KG^2: Learning to Reason Science Exam Questions with Contextual Knowledge Graph Embeddings

Published 31 May 2018 in cs.LG, cs.AI, cs.CL, and stat.ML | (1805.12393v1)

Abstract: The AI2 Reasoning Challenge (ARC), a new benchmark dataset for question answering (QA) has been recently released. ARC only contains natural science questions authored for human exams, which are hard to answer and require advanced logic reasoning. On the ARC Challenge Set, existing state-of-the-art QA systems fail to significantly outperform random baseline, reflecting the difficult nature of this task. In this paper, we propose a novel framework for answering science exam questions, which mimics human solving process in an open-book exam. To address the reasoning challenge, we construct contextual knowledge graphs respectively for the question itself and supporting sentences. Our model learns to reason with neural embeddings of both knowledge graphs. Experiments on the ARC Challenge Set show that our model outperforms the previous state-of-the-art QA systems.

Abstract PDF Upgrade to Chat

Citations (28)

View on Semantic Scholar

Summary

The paper presents KG², a framework that transforms exam questions and supporting sentences into contextual knowledge graphs for relational reasoning.
KG² constructs pairwise graphs from hypotheses and evidence, learning neural embeddings that capture intricate relational patterns.
Experiments show KG² improves ARC Challenge scores from 26.97 to 31.70, highlighting its effectiveness in enhancing QA system performance.

Introduction

The paper "KG^2: Learning to Reason Science Exam Questions with Contextual Knowledge Graph Embeddings" (1805.12393) addresses the formidable challenge of constructing QA systems capable of answering complex science exam questions presented in the AI2 Reasoning Challenge (ARC). Current QA systems excel in datasets requiring only surface-level reasoning, but falter with questions demanding advanced logical inference as demonstrated by their performance barely exceeding random baselines on the ARC Challenge Set. To overcome these hurdles, the authors propose KG^2, a sophisticated framework designed to mimic human reasoning processes by leveraging contextual knowledge graphs.

Methodology

At the core of KG² is the construction of pairwise contextual knowledge graphs for each science question and its corresponding supporting sentences. The hypothesis—composed of the question stem and answer option—is articulated as a graph, serving as the focal point for subsequent reasoning. Likewise, supporting sentences from a large science-related corpus are transformed into graphs. KG^2’s reasoning relies on neural embeddings of these graphs, facilitating inference drawn from learned relational patterns.

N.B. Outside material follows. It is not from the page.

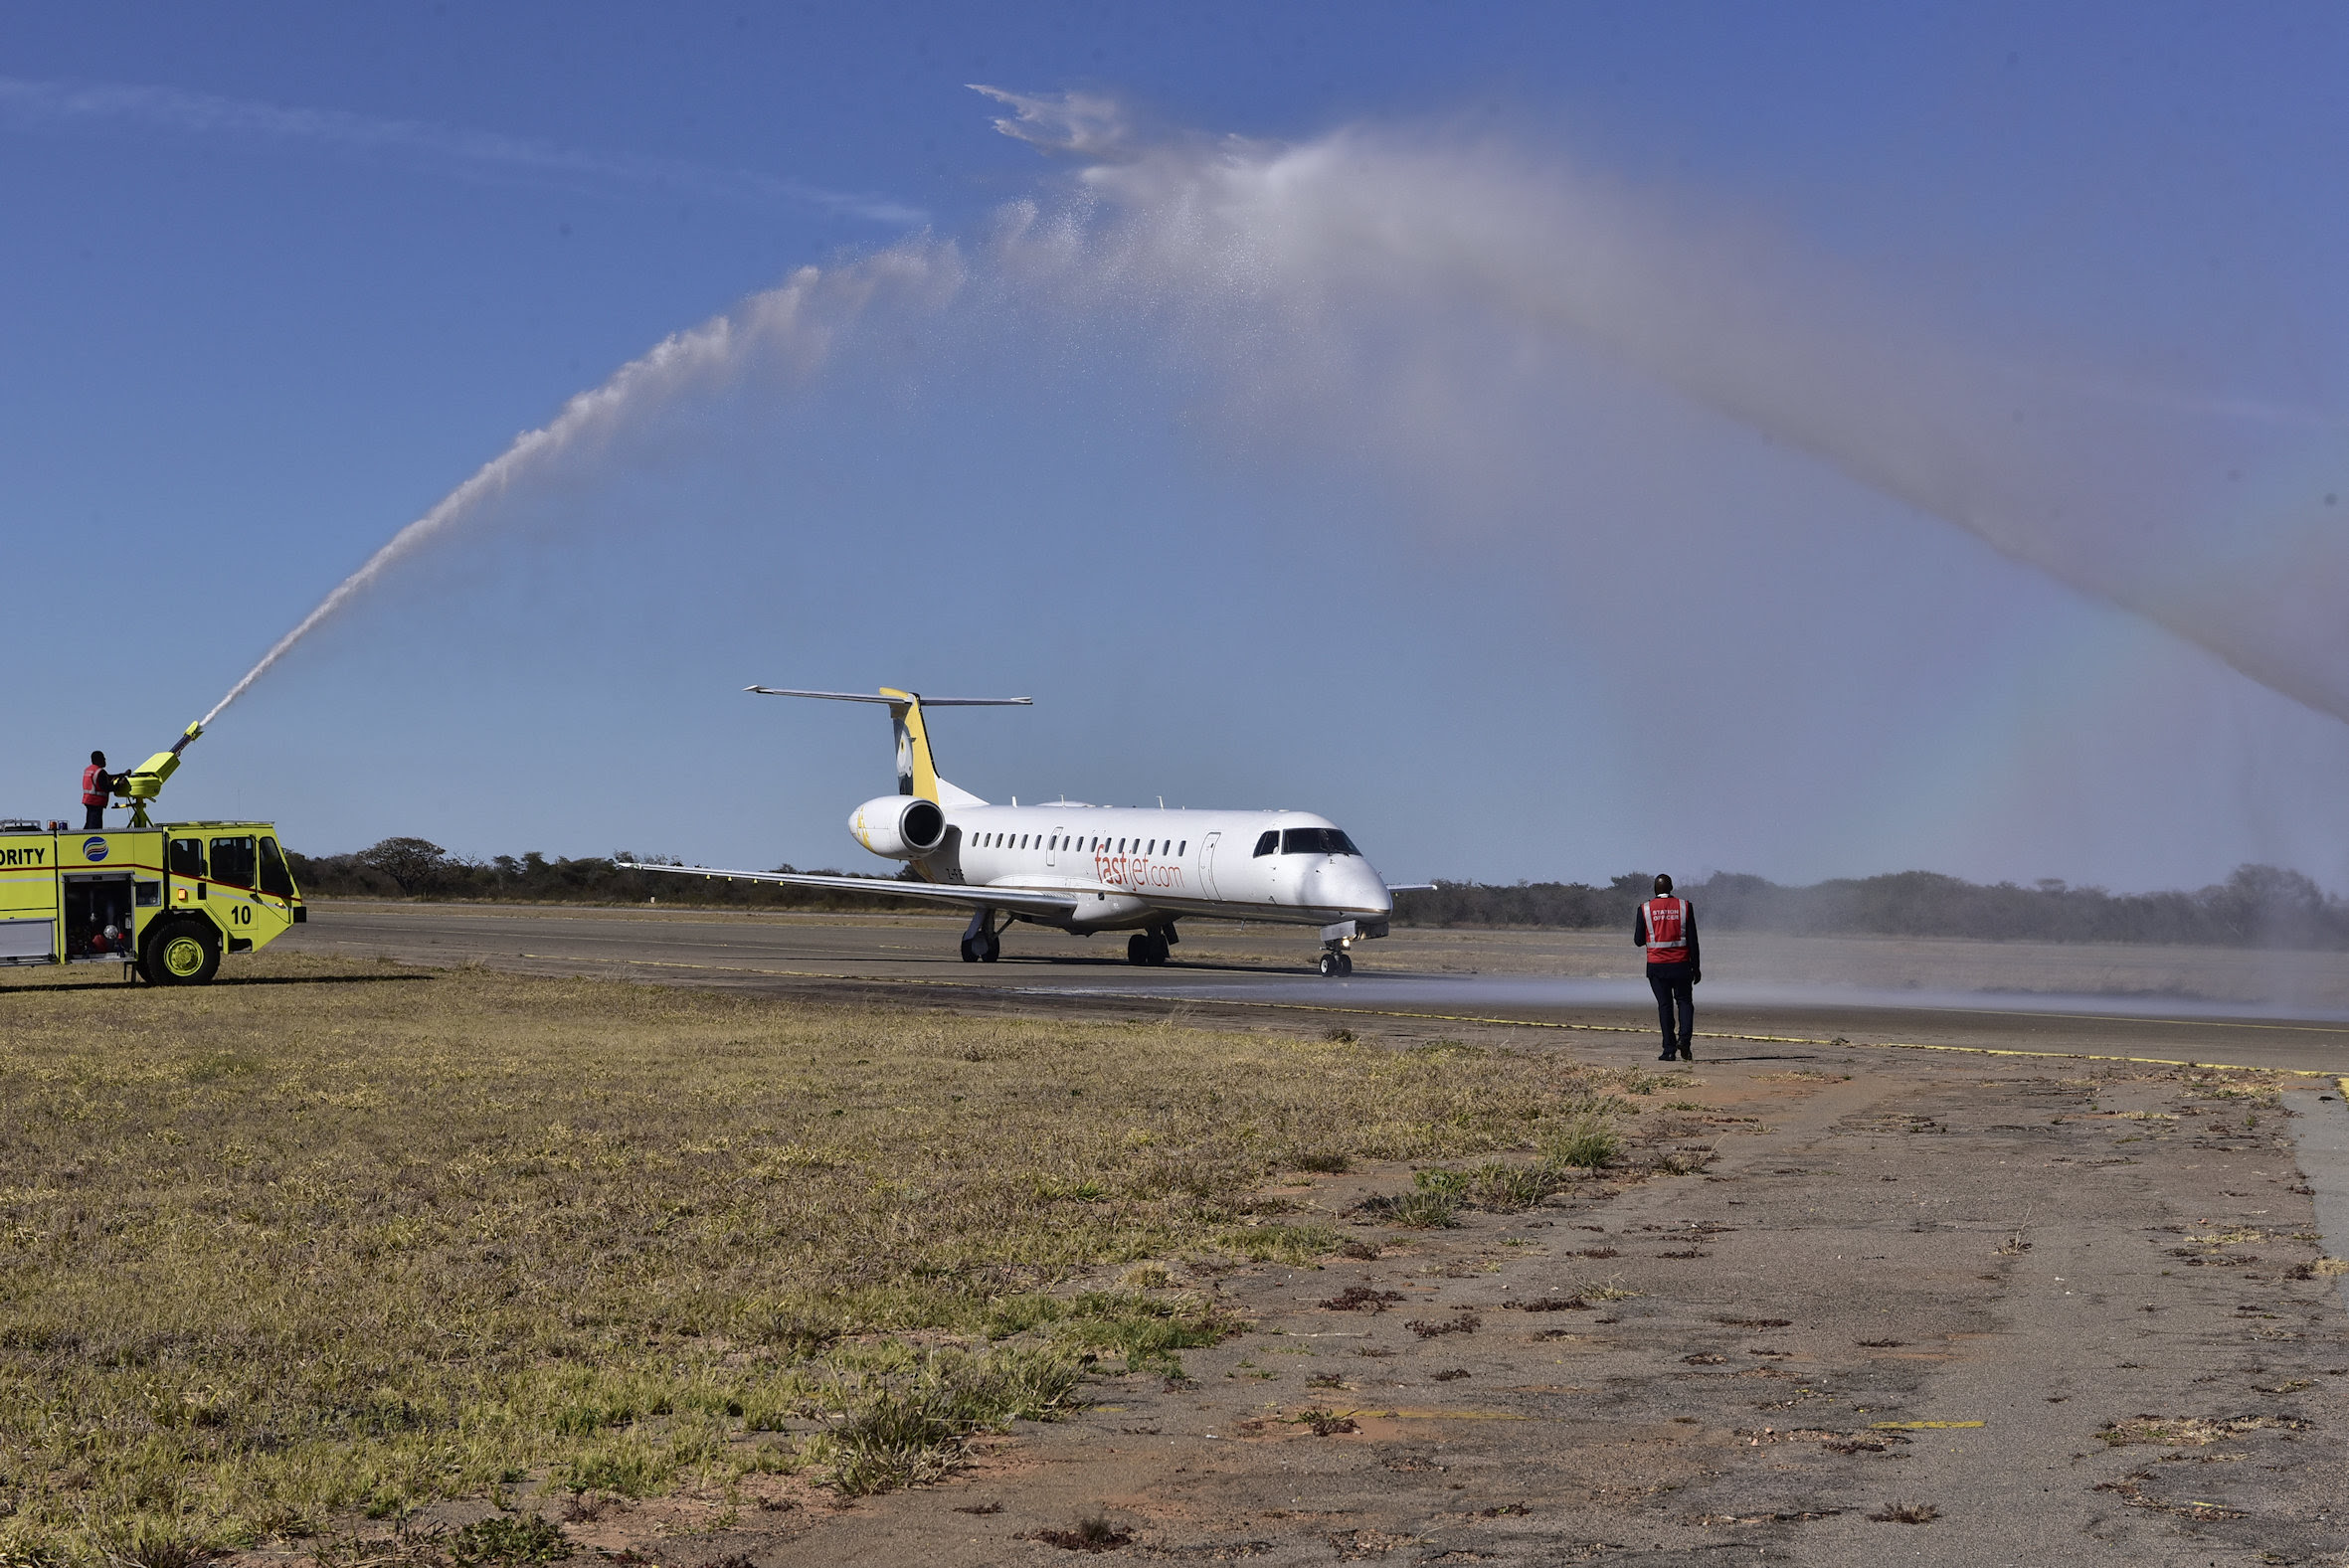 fastjet pledges to help revive Bulawayo
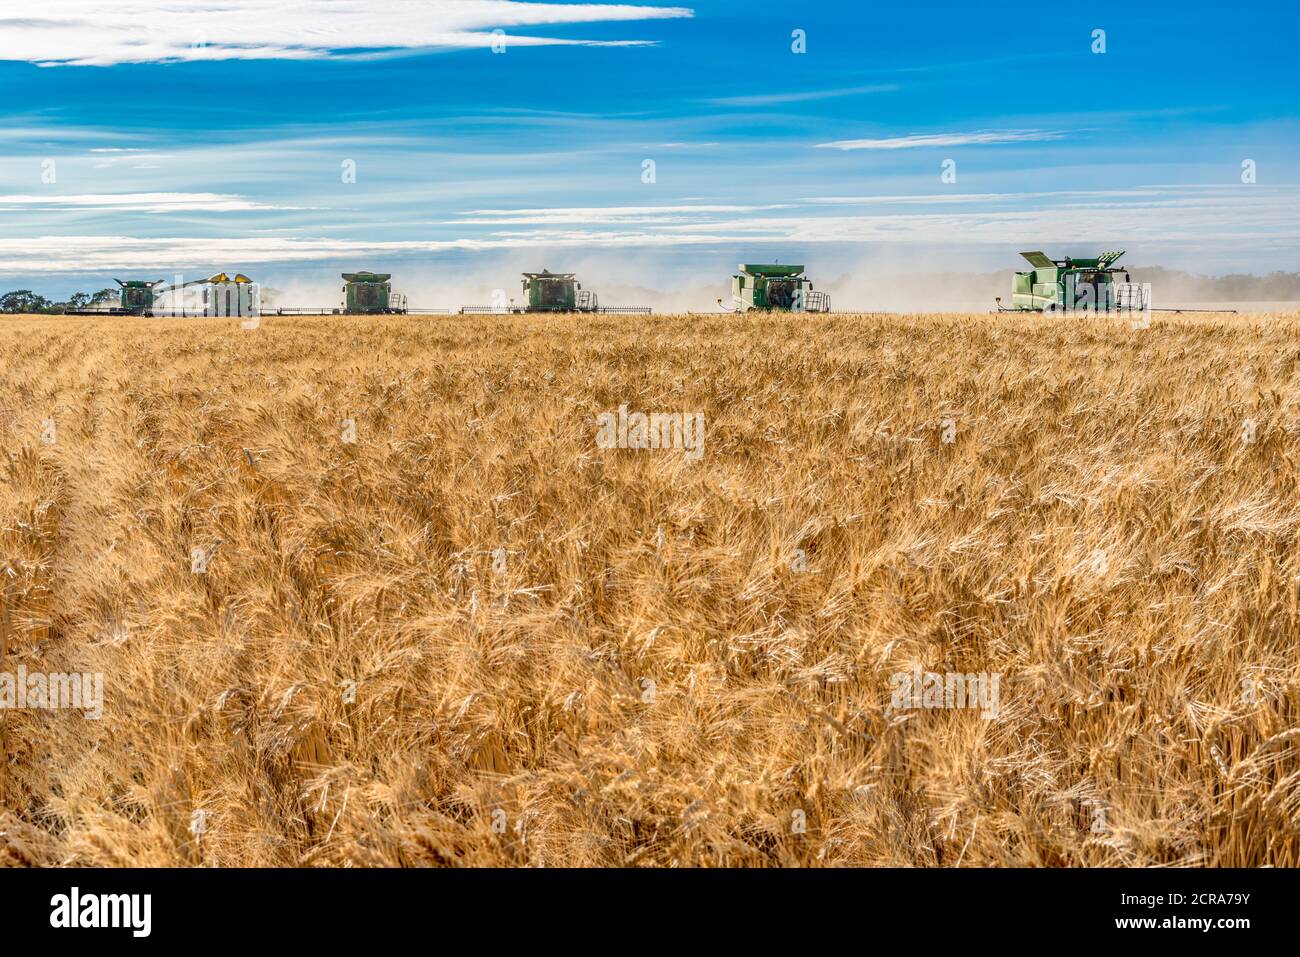 Wymark, SK- Sept 8, 2020:  Multiple combines harvesting wheat in a field at sunset in Wymark, Saskatchewan Stock Photo

The process involves several distinct phases:

Hypothesis Generation: A hypothesis is generated by synthesizing the semantic content of the question stem with each potential answer. This serves as the query to search the corpus for supporting evidence.
Support Retrieval: Potentially relevant sentences are retrieved from the corpus based on the generated hypothesis. Sentences with negation or unexpected characters are filtered to enhance coherence.
Knowledge Graph Construction: Relation triples extracted via Open IE are aggregated to form contextual knowledge graphs. These graphs capture the predicate relationships essential for inferential reasoning.
Graph Embedding Learning: To rank candidate answers, embeddings are learned for the hypothesis-supporting graph pairs, using a neural network approach. The scoring function assesses relational consistency between pairs.

Experimental Results

Experiments demonstrate that KG² significantly outperforms existing baseline models on the ARC Challenge Set. In particular, KG² achieves a test score of 31.70, a substantial improvement over the previous best result of 26.97. This indicates effective integration of relational reasoning and contextual embedding techniques.

The study highlights an estimated upper bound of 36.25, denoting the score achievable if all learnable questions were answered correctly. Analysis reveals that limitations stem from a lack of supporting evidence in the corpus and the inefficacy of current extraction methods for complex reasoning questions.

Implications and Future Directions

KG² offers compelling insights into enhancing QA systems through relational reasoning and knowledge graph embeddings. The ability to transform textual support into an embedded graph format for reasoning parallels cognitive synthesis, a hallmark of human exam-taking processes. Practical applications extend to educational tools and automated tutoring systems, where nuanced understanding and inference are paramount.

Future research will likely focus on harnessing external knowledge sources to enrich support for complex reasoning questions. Additionally, refining IE techniques for more comprehensive parsing and exploration of complex graph structures remains a promising endeavor. With ongoing advancements, AI systems could increasingly emulate human-like reasoning, marking progress toward the ultimate goal of robust, generalizable AI.

Conclusion

The authors of "KG^2: Learning to Reason Science Exam Questions with Contextual Knowledge Graph Embeddings" have introduced a robust framework that advances QA capabilities through relational graphs and neural embeddings. The promising results on the ARC Challenge Set not only set a new benchmark but also pave the way for future exploration in the domain of AI-based reasoning, highlighting key areas for ongoing research and technological refinement.